Assemblies of proteins that interact to carry out a function are called pathways. Now here's a, I'll throw a word out see if you can figure this out. What is a digestive pathway? It's a process of digestion carried out by what?

A series of proteins acting as gears, one turning the other, with the result digestion, right? Okay, you got that one? Here's a better one.

Respiration pathway! What is that? A group of proteins assembled together when they interact, do respiration.

Okay, and the last group of people who have gotten that yet, here's the last one. Muscle contraction pathway. A group of proteins assembled, cause my... Okay. What's the nature of the cell?

It's got all these assemblies of proteins carrying on the function. But here's the problem. In order to have function, it's got to move.

And movement is where life comes from. Life is movement. It's characterized by movement. Here's the point. If the proteins don't move, you have a cadaver.

That's what a dead person is, a person who's just all proteins and no movement. So I want to tell you about the secret of life right now. Secret of life, okay? Spotlight. Okay, secret of life.

I'm going to show it to you, and don't be mad at me because it's so simple it'll probably irritate you, okay? Here's how it works. This is a backbone, and just like a human backbone, the amino acids are like vertebrae, and guess what I can do with my backbone? I can... Twist it, flex it, rotate it, change my shape.

Ah! Protein, backbone. Flex, rotate, twist, change shape.

Ah, the question is this. But in the body, protein has a conformation. or shape that it prefers.

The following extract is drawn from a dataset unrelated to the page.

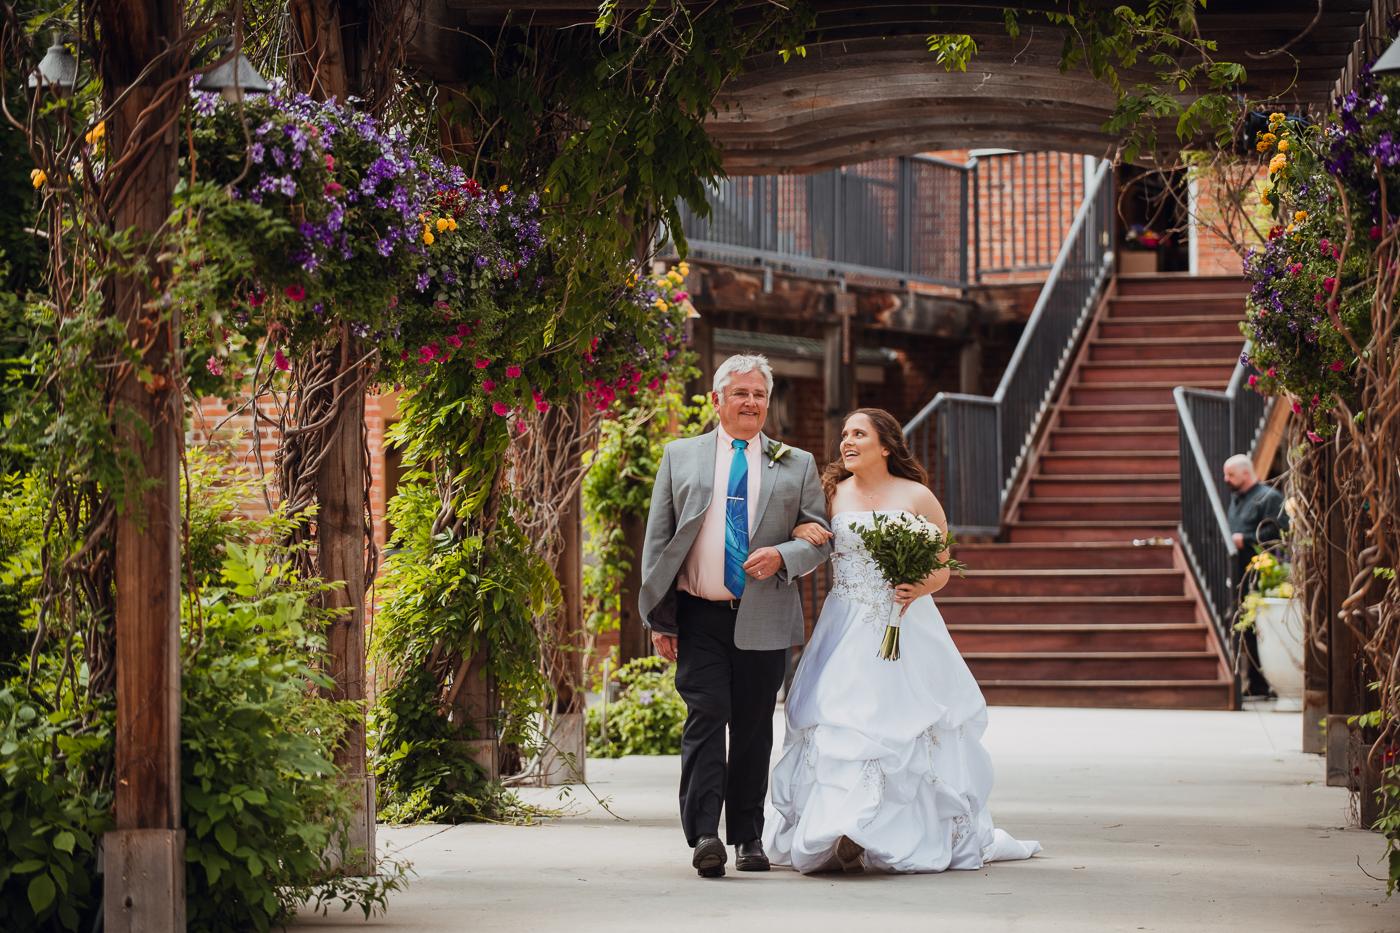 PHOCO Wedding Photography Brookside Gardens Berthoud Colorado Spring Julia Matt-9.jpg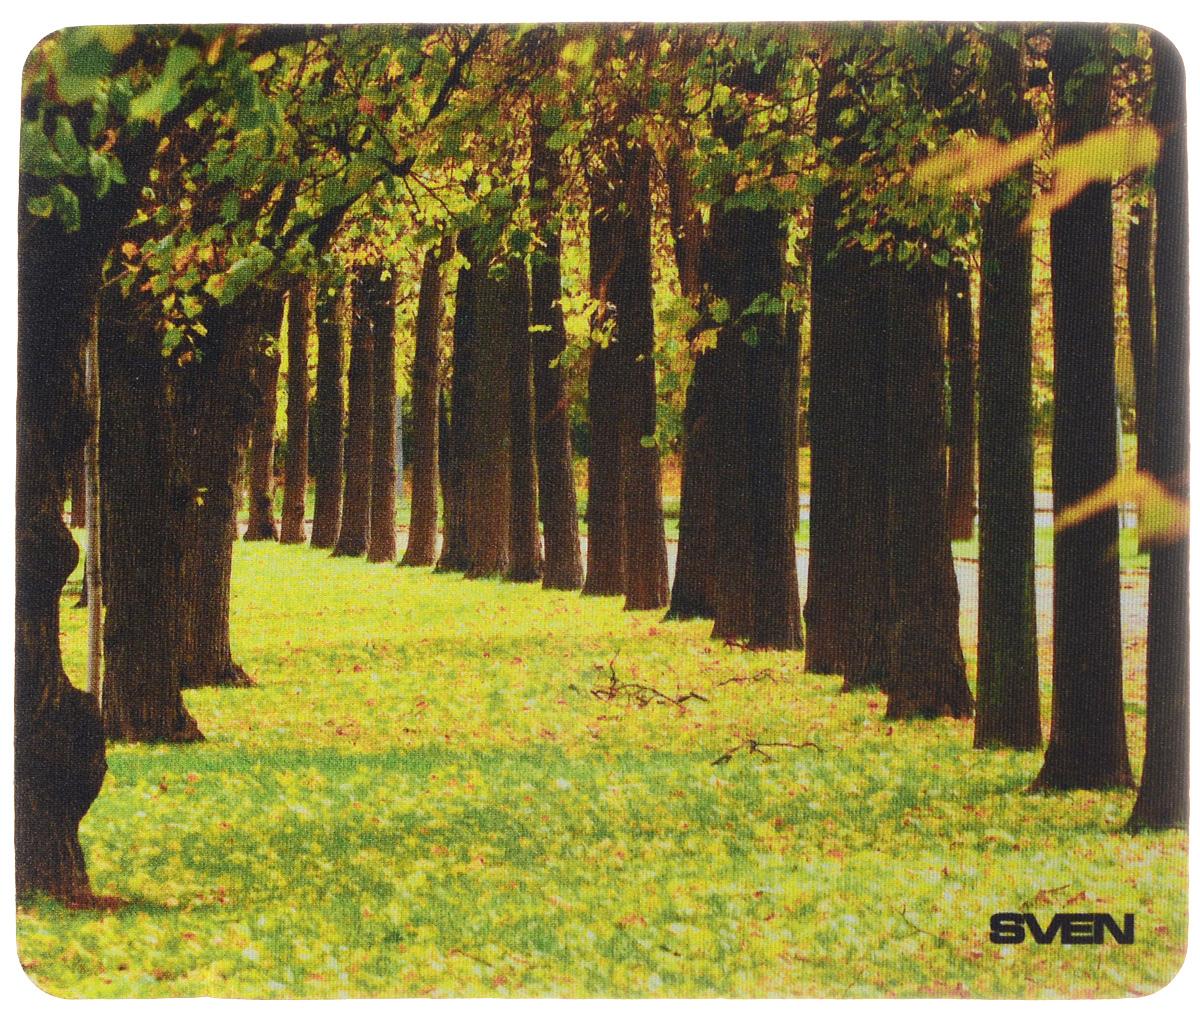 Sven SA, Yellow Brown коврик для мыши коврик для мыши pcpet colorfull nature rgm02 голубой с рисунком 648600

And I'm going to show you two shapes and I'm going to ask you which one of these shapes would be preferred by my protein. But before I do that, I give you one fact. The two yellow amino acids at the end are negatively charged. Yellow and yellow, negative. I'm going to show you two shapes.

You tell me which is more stable. Shape one, shape two. Reason simply, like charges repel each other. So this is the shape this is stable. Okay, now I introduce the secret of life, the polystyrene ball.

What does it represent? I'll tell you what it represents, an environmental signal. What's an environmental signal?

And the answer is a chemical, a drug, a hormone, a growth factor. Those are chemical and bi... environmental signals.

But what other kind of signals are there? Well, especially in this group, you should start to realize that we don't have to focus on the physical reality because other signals are just energy fields. And this is what the quantum physics was all about.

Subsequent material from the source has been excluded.